Si hay algo de cierto
en que escribir es haber leído, todo es carne para la picadora de Aira, en
función de un mundo con el eje trastocado, donde lo inverosímil es transparente
a los personajes, pero puesto de una forma que irrita o trunca la lectura. En
su visita a la FILSA en 2009 dijo: “Eso de la ‘necesidad de expresión’ siempre
me ha parecido un poco macaneo, un poco excusa. Todos queremos hacer libros y
darnos el placer que tuvimos alguna vez leyendo”. Una felicidad en fragmentos,
que pasa luego al olvido en términos genéricos pero que deja la marca de su
absurdo y sus excesos. Entregarse a su lectura voluntaria implica locura y riesgo,
tal como él mismo escribe sus novelas. “Tengo un método de escribir, de
improvisar, de ir día a día, de dejarme llevar por el capricho de cada día”. Cada
jornada unas cuantas páginas, sin nunca volver sobre sus pasos a revisar ni
menos corregir. Ha propuesto ir hacia adelante a toda costa, justificando lo
escrito ayer con el trabajo de hoy. Si lo cumpliese, así se podría entender los
híbridos que algunas veces resultan sus novelas. Como en Las noches de Flores, que abre relatando la bucólica vida de los
jóvenes repartidores de pizza del barrio donde Aira vive, para luego mutar en
una novela de misterio y persecuciones, con un enano mutante disfrazado de
Batman, y un laberinto bajo un monasterio que refleja la disposición de las
estrellas sobre Buenos Aires.
Aira ha creado su
propio universo. Le ha dado forma a su escritura, que es una única novela publicada
en esquirlas. Aira es una conspiración. Es uno o muchos. En caso de ser uno,
está el problema de cómo escribe y publica tanto. El don de la ubicuidad
editorial le pertenecería.
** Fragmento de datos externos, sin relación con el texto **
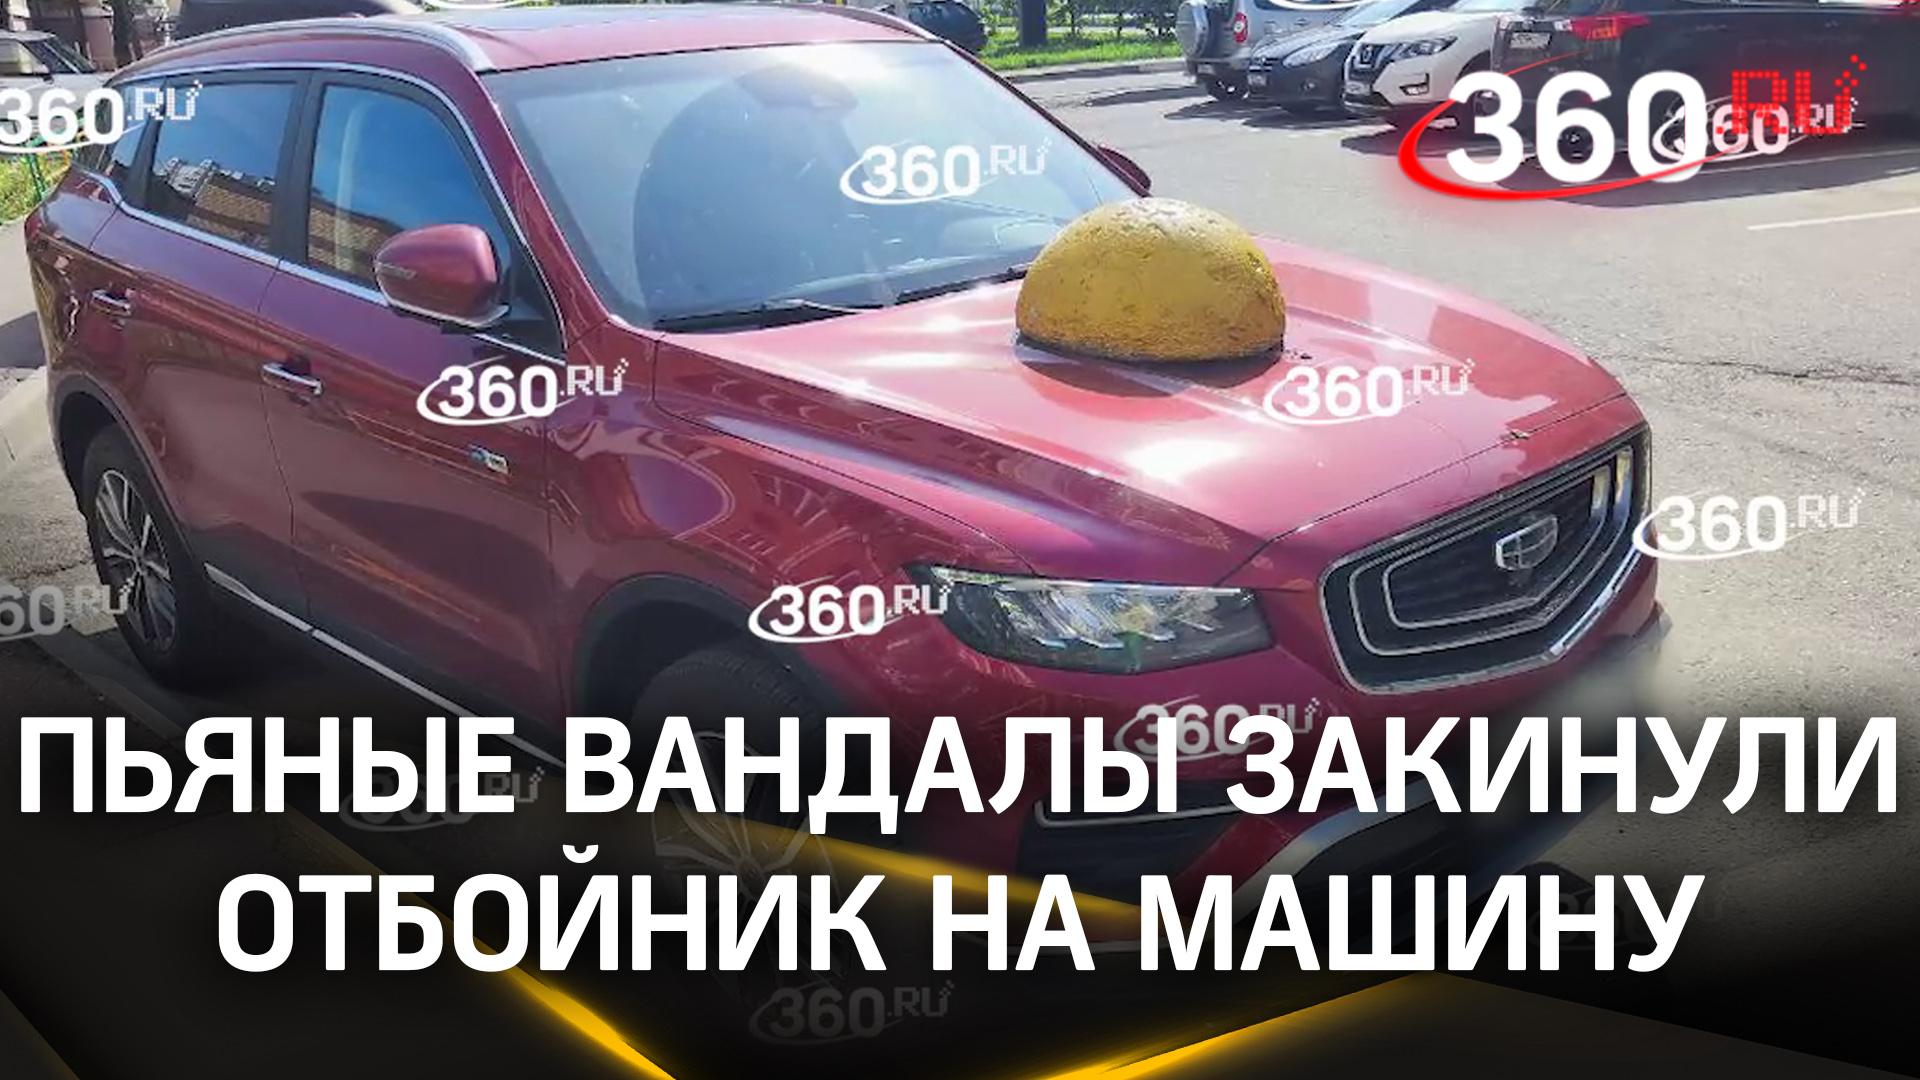 Видео: бетонный отбойник закинули на машину. Пьяные вандалы в Подольске

En caso de ser varios, atenta contra la buena fe del
lector, al que le agrada la unidad en la personalidad de sus autores favoritos.
Una y otra opción presentan problemas, así que quizás sería conveniente afirmar
que Aira es nadie y es un soplo, el aire que se va, un recuerdo deshilachado: “En
términos generales, diría que soy partidario del olvido, que es liberador y
suele estar del lado de la felicidad, mientras que la memoria es una carga y
está aliada al remordimiento, al rencor, a la nostalgia y a las pasiones
tristes.”
Publicado por ahí en papel en marzo de 2013.